Recorded data:
##########
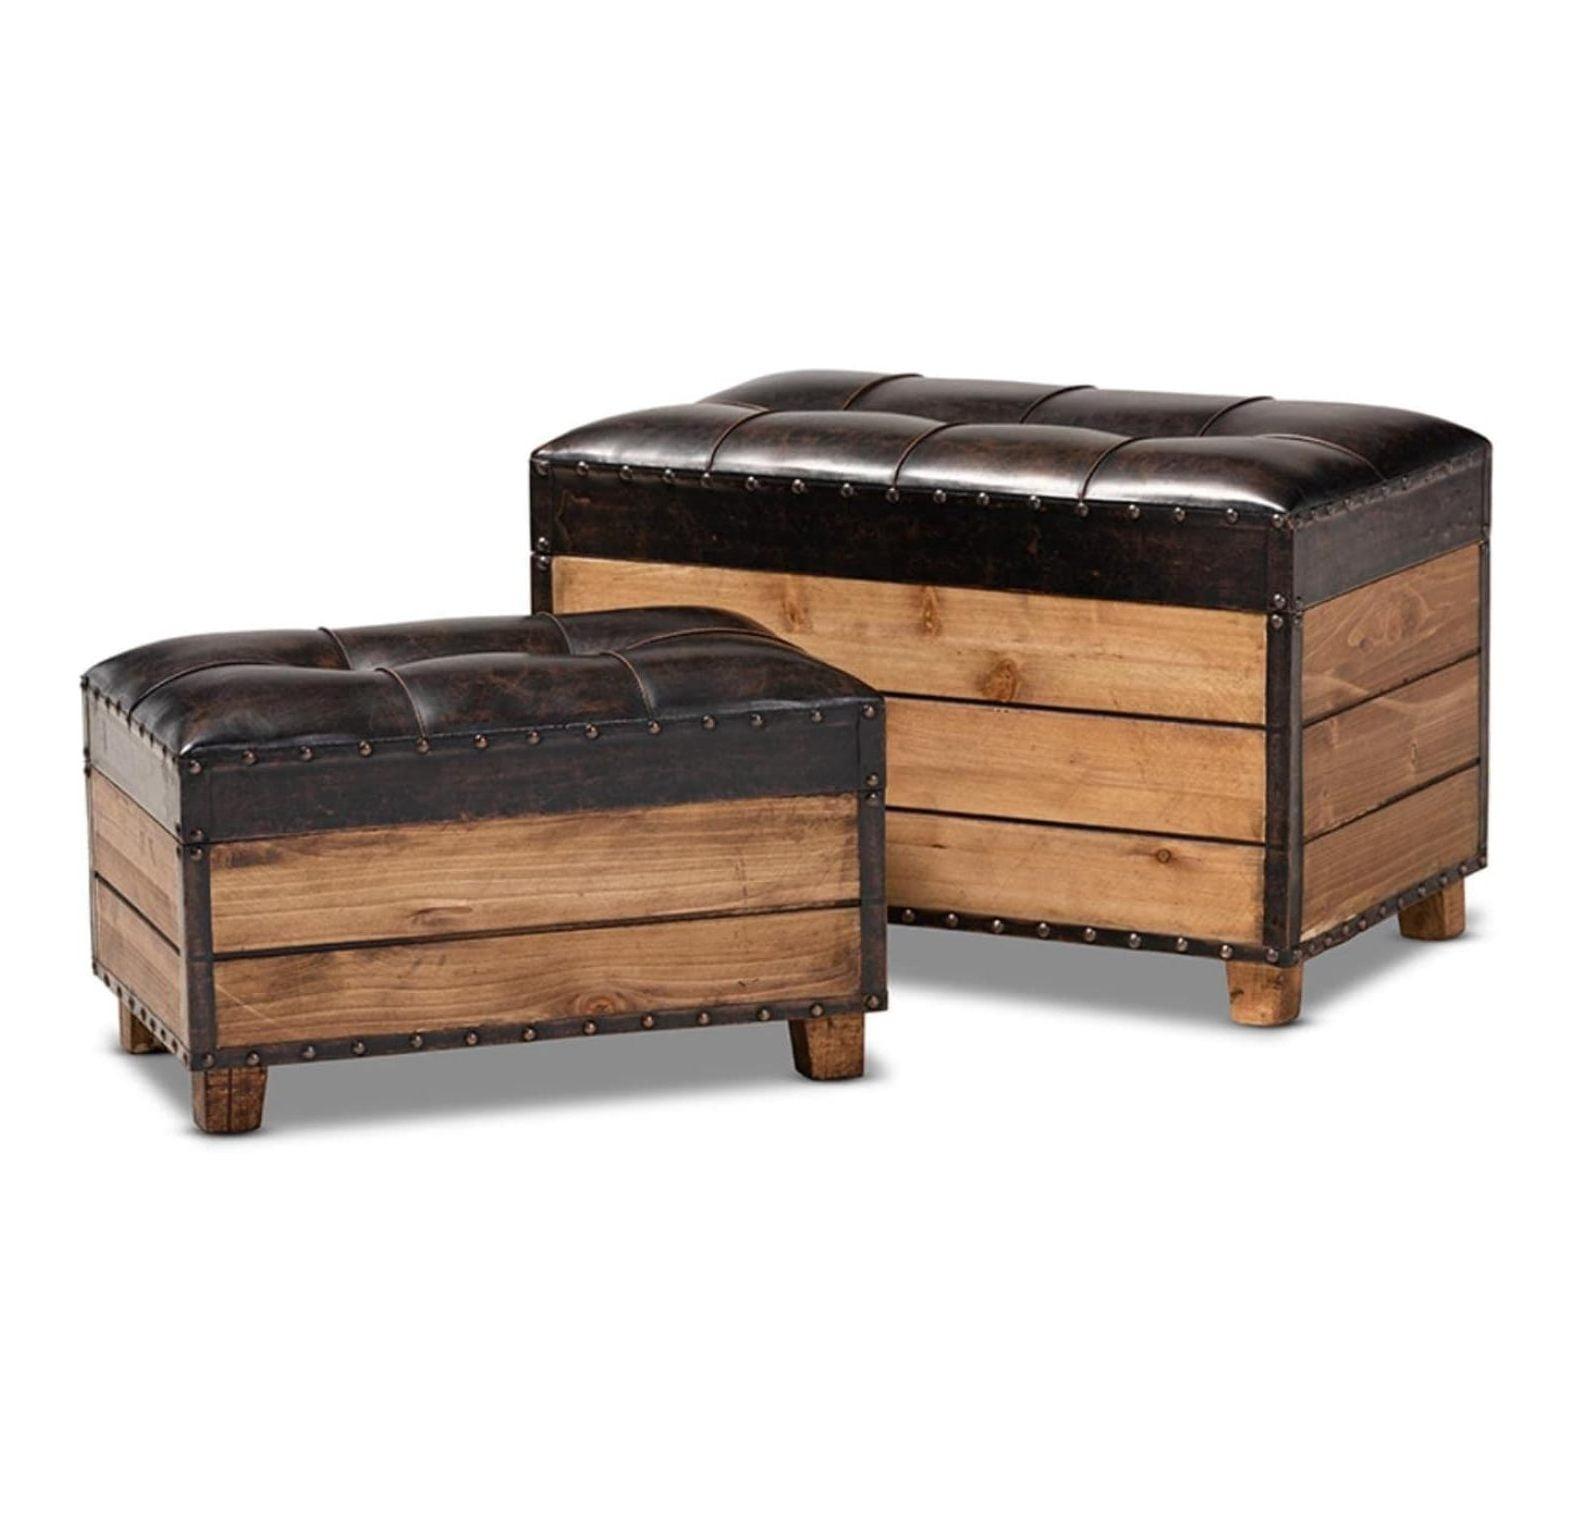 Rustic Dark Brown Faux Leather Tufted Trunk Ottoman Set
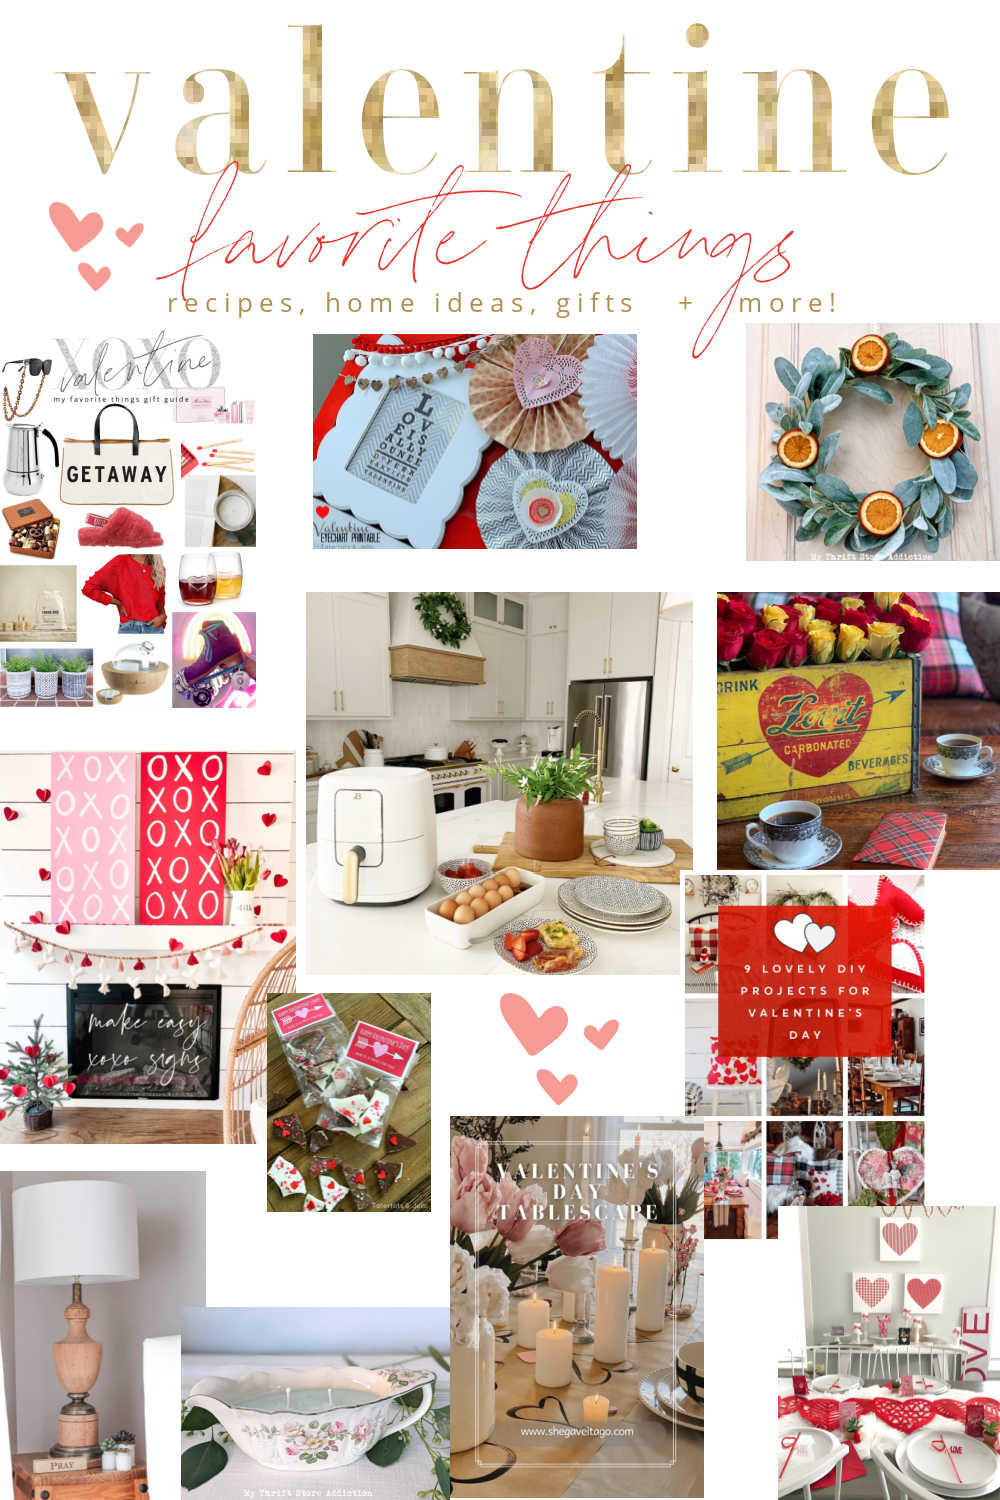 My Favorite Things This Week - Pretty Valentine Ideas! Celebrate the season of love with these Valentine projects, recipes and home ideas! 
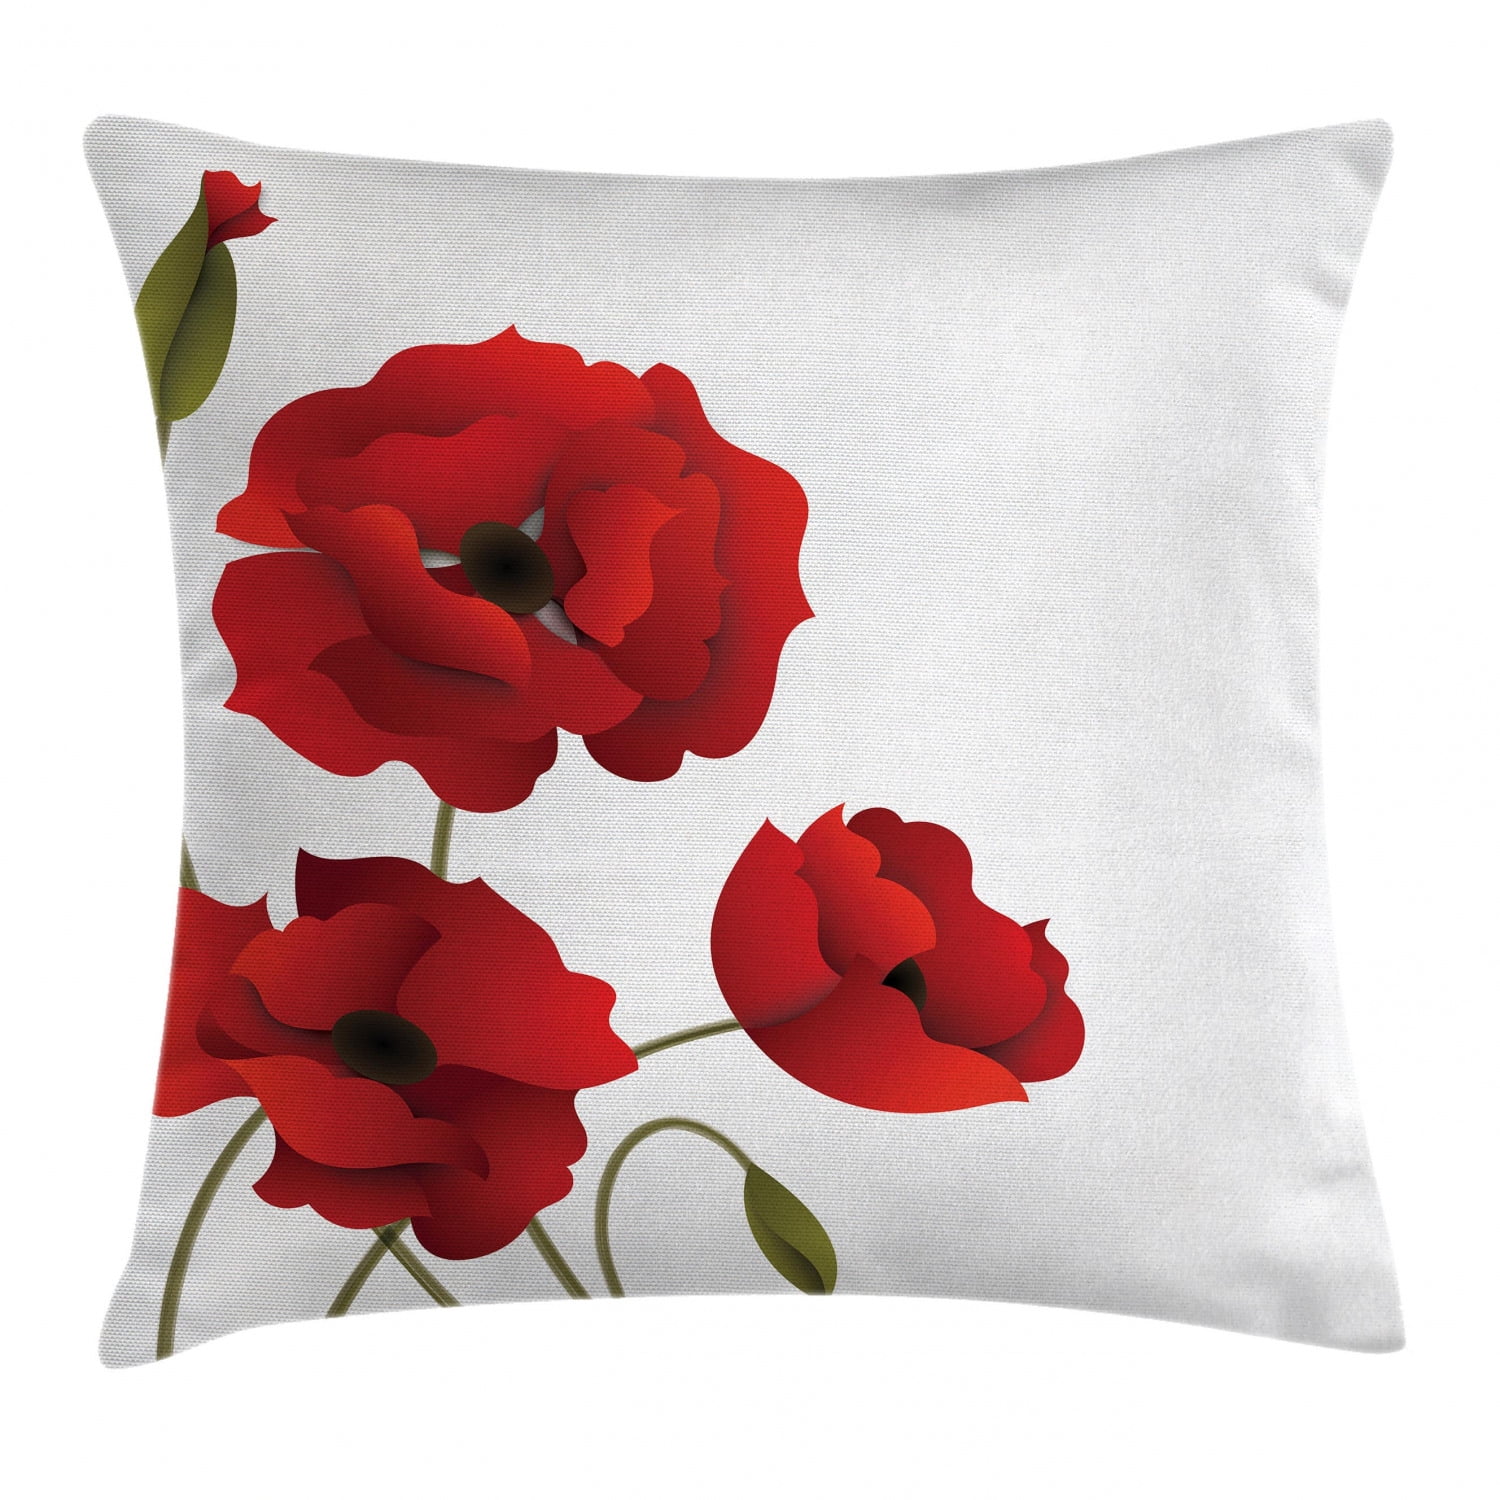 Floral Throw Pillow Cushion Cover, Poppy Flowers Bright Petals with ...
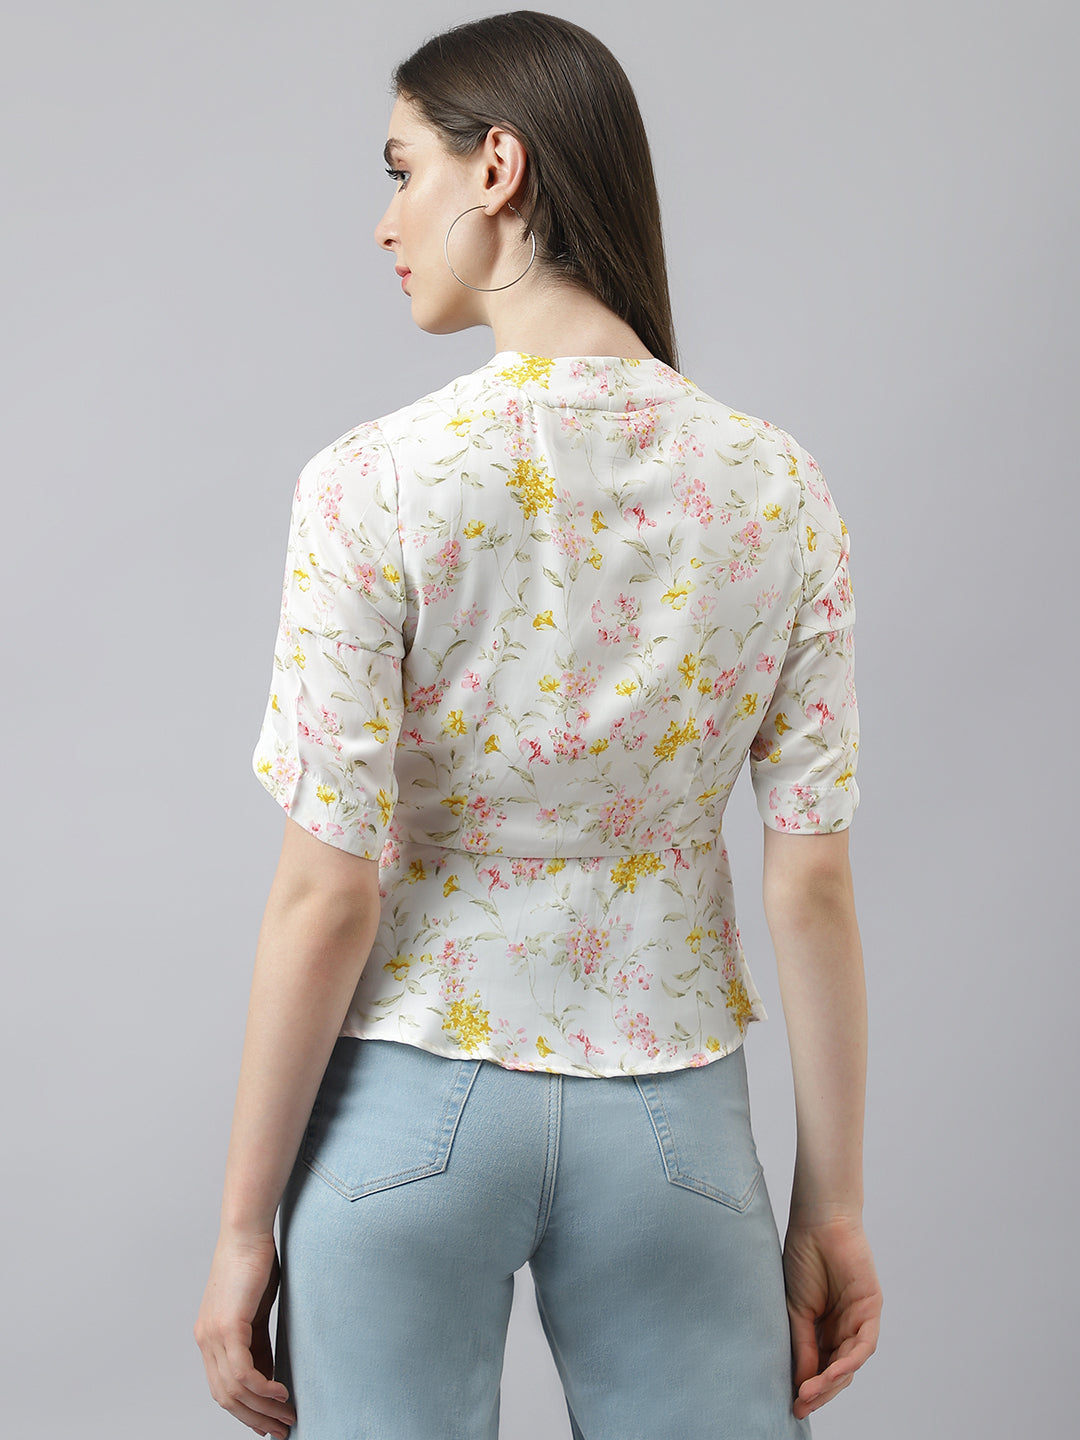 Ivory Floral Print Peplum Top With Puffer Sleeves & V Neckline
##########
What the exercise asks: Print, please, exactly the lines from the one holding "Floral Throw Pillow" through the final line of the data, both included, while leaving out each picture.

Written solution:
 Floral Throw Pillow Cushion Cover, Poppy Flowers Bright Petals with ...
 Ivory Floral Print Peplum Top With Puffer Sleeves & V Neckline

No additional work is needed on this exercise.